Health Care Reform and Policy
by Brian Stentz
Medical debt is piling up now more than ever as a result of the pandemic.
Medical debt is piling up now more than ever as a result of the pandemic.

One of the biggest headline grabbing problems for the Patient Protection and Affordable Care Act in the past few weeks is the fact that millions of Americans have had their health insurance plans canceled because they did not meet certain requirements set forth by the law. That has led to a lot of confusion and anger for consumers, but it seems that a large number of the nation's small businesses may now find themselves in similar situations.

Along with the millions of cancelation notices sent to individuals, independent companies that were paying for low-cost coverage for their employees have likewise been notified that those plans will no longer be in place at the start of the new year, according to a report from The Washington Post. As such, this could leave many small business owners and workers alike across the country in the lurch when it comes to being able to find coverage that fits their needs , at the affordable costs to which they have grown accustomed.
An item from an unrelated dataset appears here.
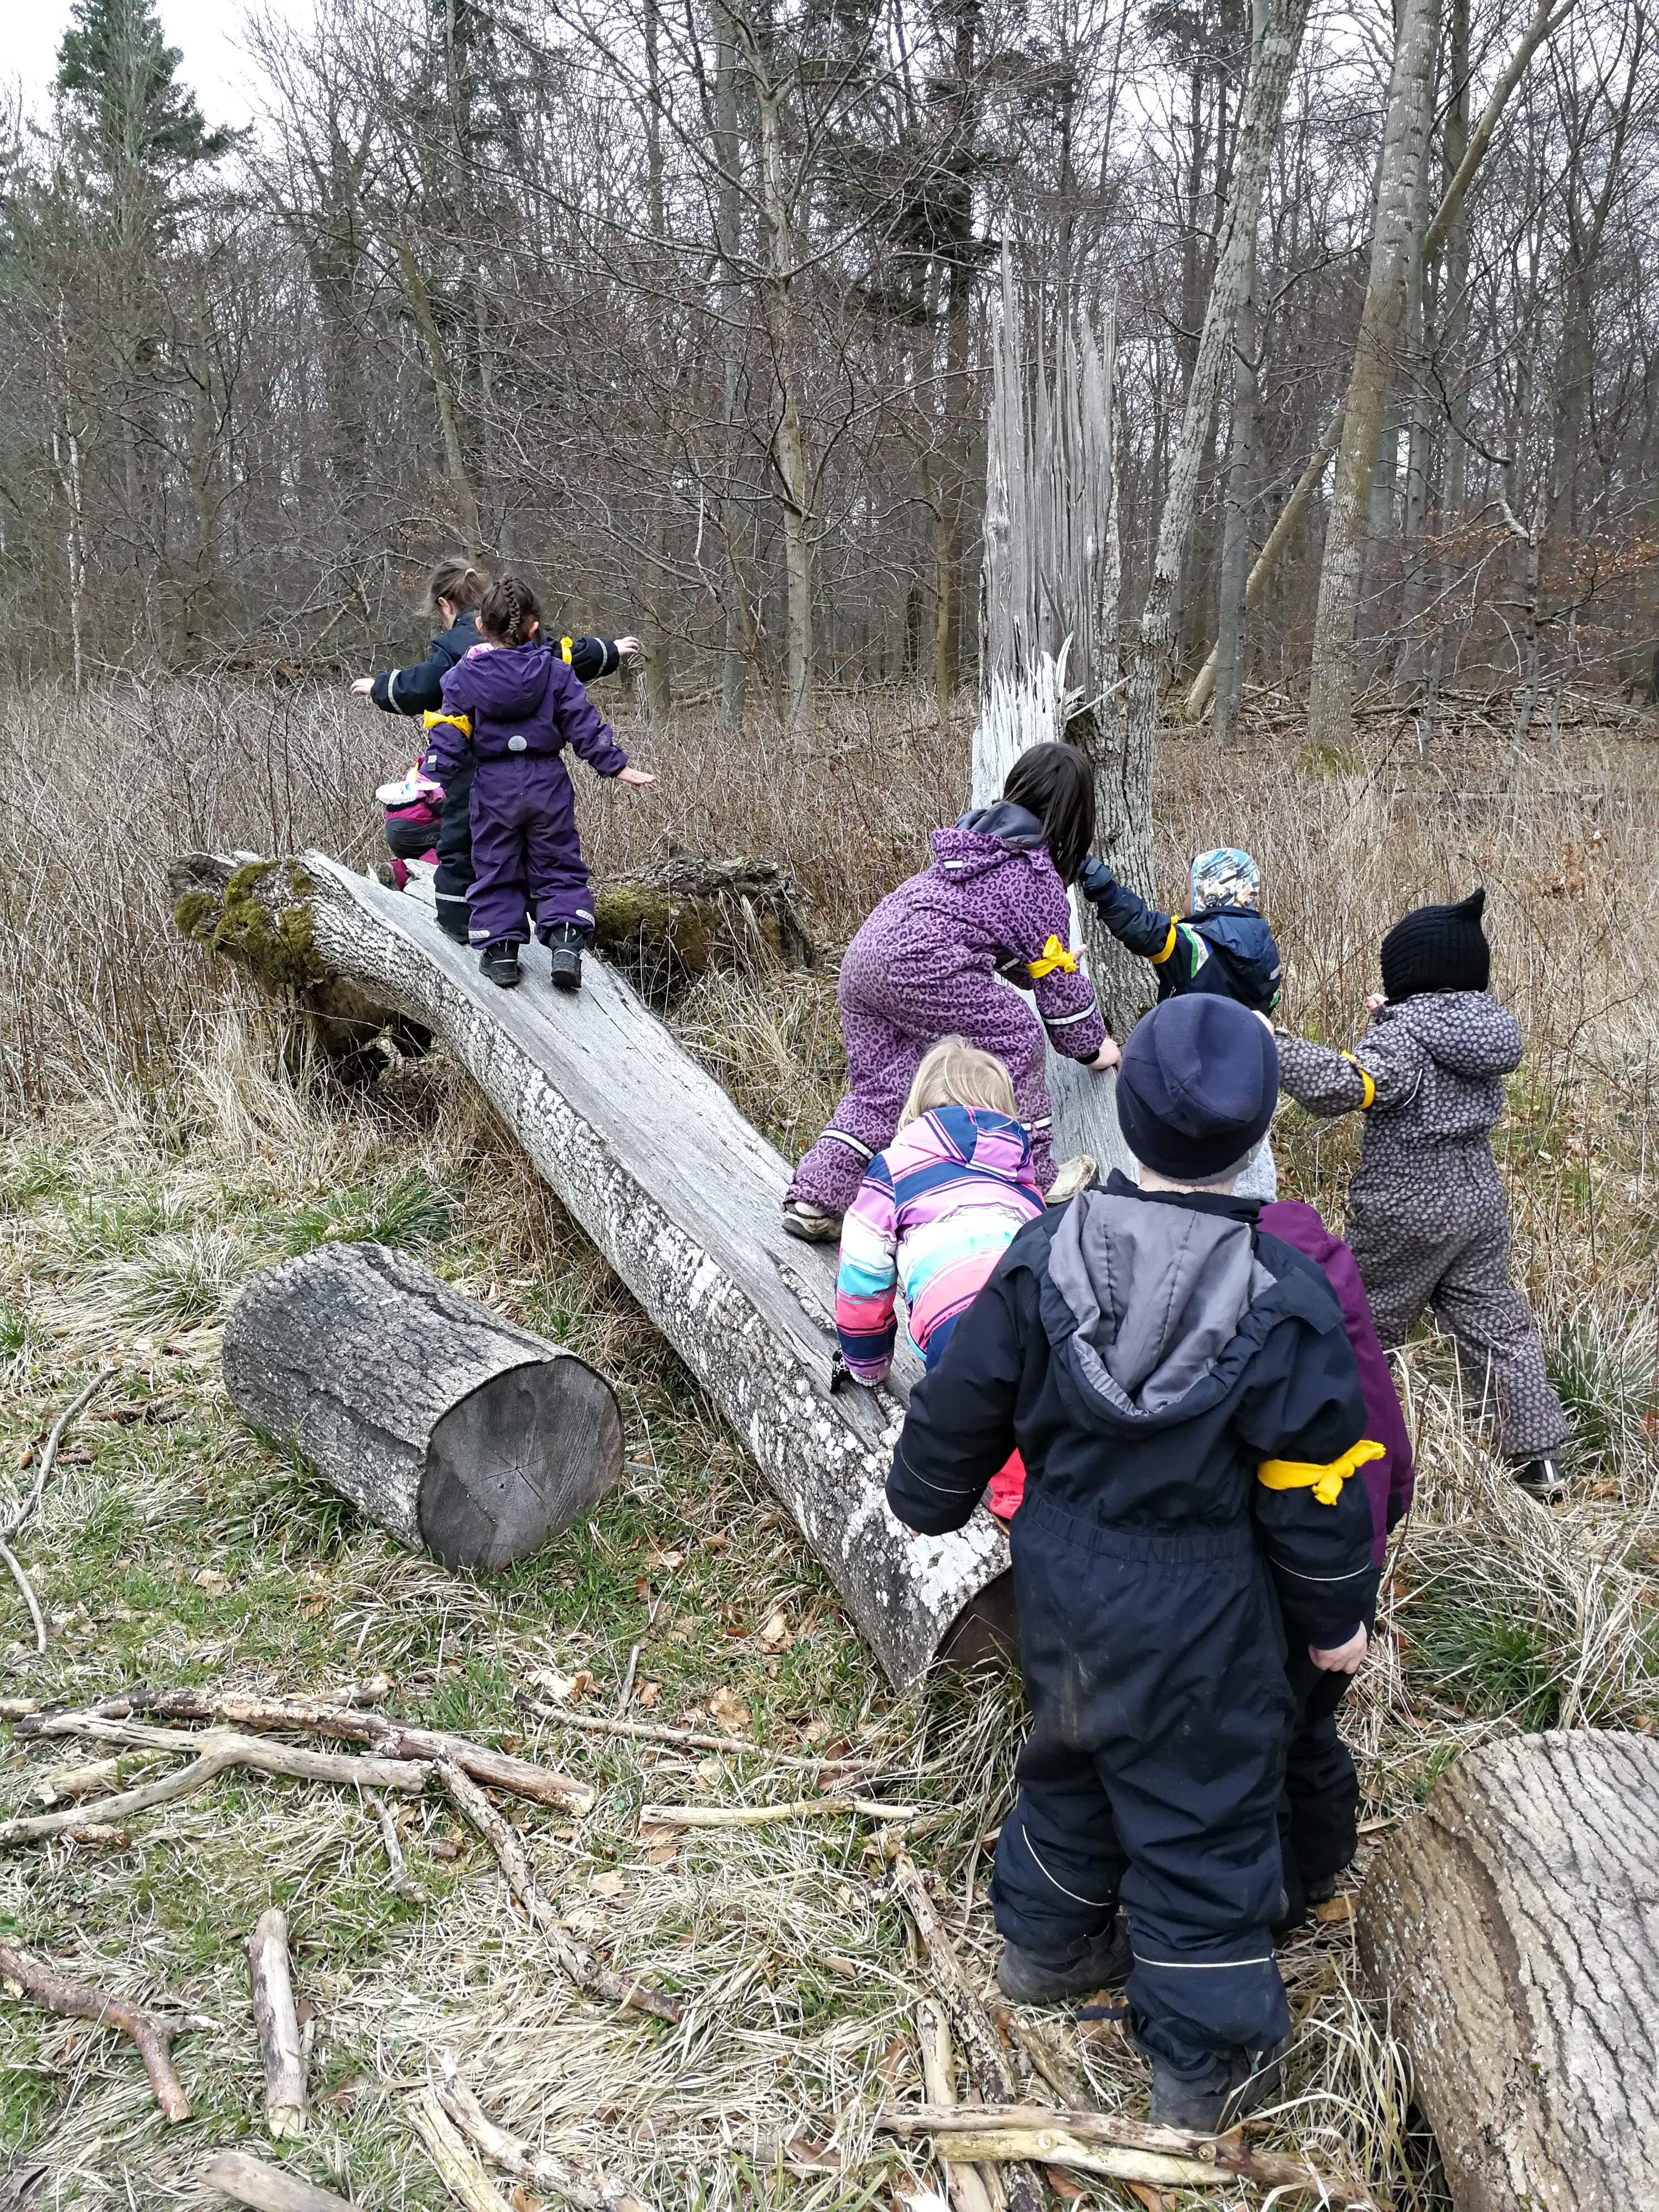 Børn, der kravler på træstamme

As a means of meeting the ACA's standards, many insurers have altered policies to have at least the minimum mandates, but some companies may feel such coverage options cover more than their unique needs, the report said. Moreover, those additional benefits will increase the price owners pay, and potentially by a large amount. Many of these plans may also pass on higher out-of-pocket costs to employees, making them more difficult to afford all the way around.

Several independent owners from across the country recently testified before the Senate Small Business and Entrepreneurship Committee about the hardships these requirements have caused them, and many have seen coverage costs per worker go up by potentially thousands of dollars, the report said. That issue could be extremely problematic for small businesses in particular, given how many of them operate on relatively thin margins and therefore find any such increase to be extremely harmful to their financial security overall.

For this reason, it might behoove health insurance issuers that offer small business coverage to try to become a little more flexible in the options they offer to these enterprises while still keeping to the minimum coverage requirements. Those that can offer the lowest-cost coverage for employers and workers alike may receive greater interest as the coverage mandate of the new health care law goes into place at the start of 2015.